DC suspension was incubated with ATP (5 mmol/L) for 30 minutes at 37°C, washed twice with PBS, and incubated additionally for 6 hours in complete RPMI 1640 medium. DCs were incubated immediately before the analyses with acridine orange (5 μg/mL) and propidium iodide (10 μmol/L) to determine nuclear morphology and cell integrity, respectively. The DC apoptotic phenotype was ascertained by laser scanning confocal microscopy.

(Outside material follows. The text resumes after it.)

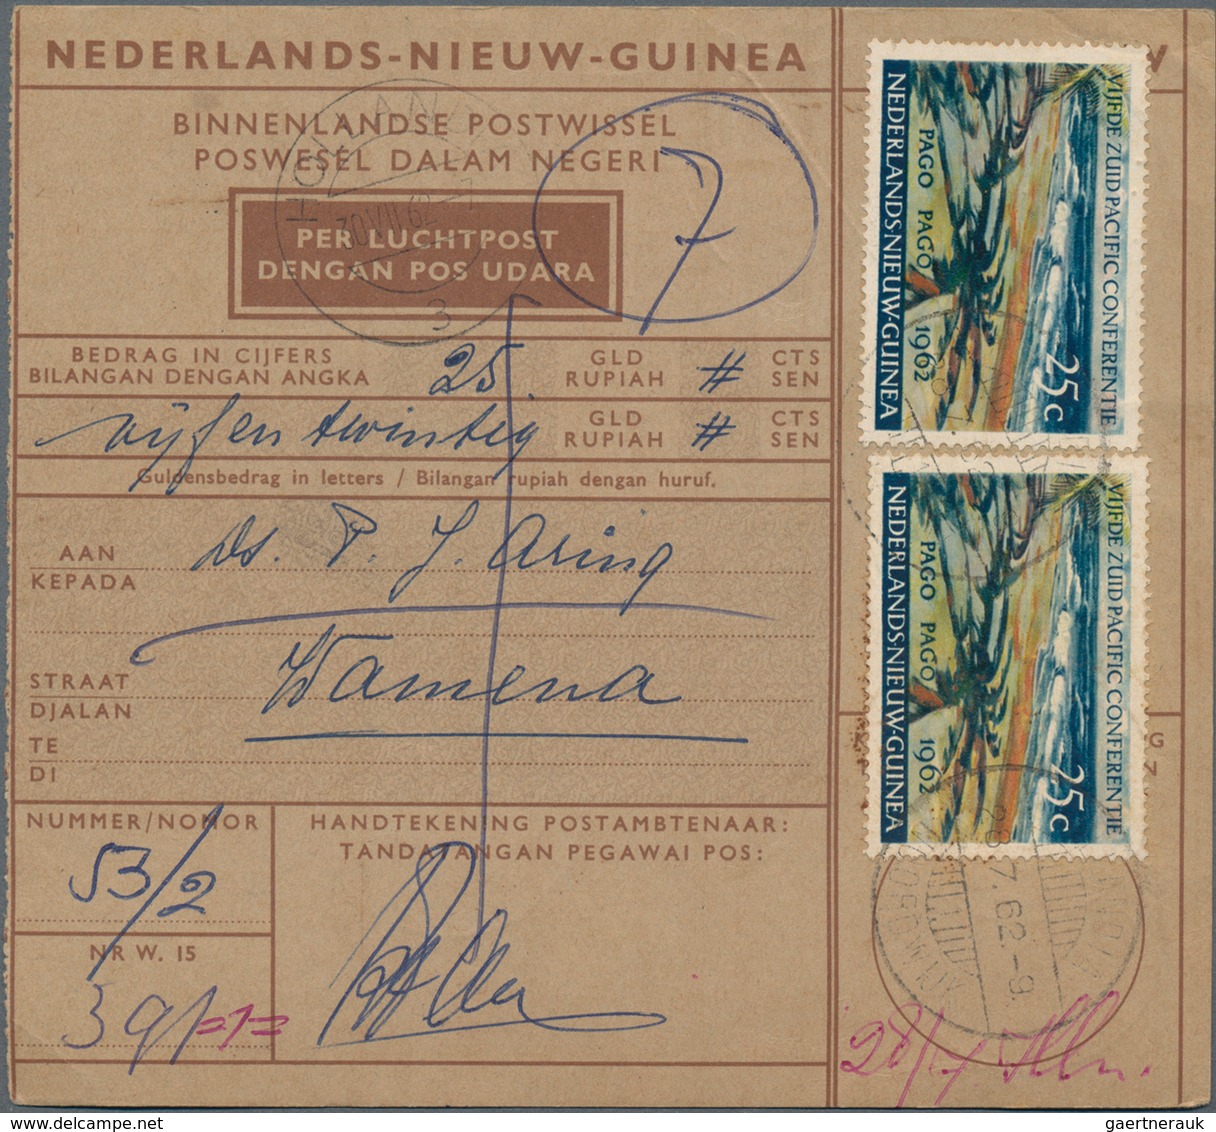 Niederländisch-Neuguinea: 1962, 14 Postal Money Orders Including Two With Meter Marks And One Postag - Niederländisch-Neuguinea

The right panels represent the images of fluorescence data and the left ones represent the corresponding transmitted images. (A) Control DCs were viable, presenting green-labeled round nuclei. (B) The ATP-treated DC suspension presented cells with features associated with different stages of apoptosis: chromatin condensation (increased nuclei fluorescence), fragmented nuclei and apoptotic bodies (arrows), and secondary necrosis (fragmented nuclei labeled red with propidium iodide). Bar: 10 μm.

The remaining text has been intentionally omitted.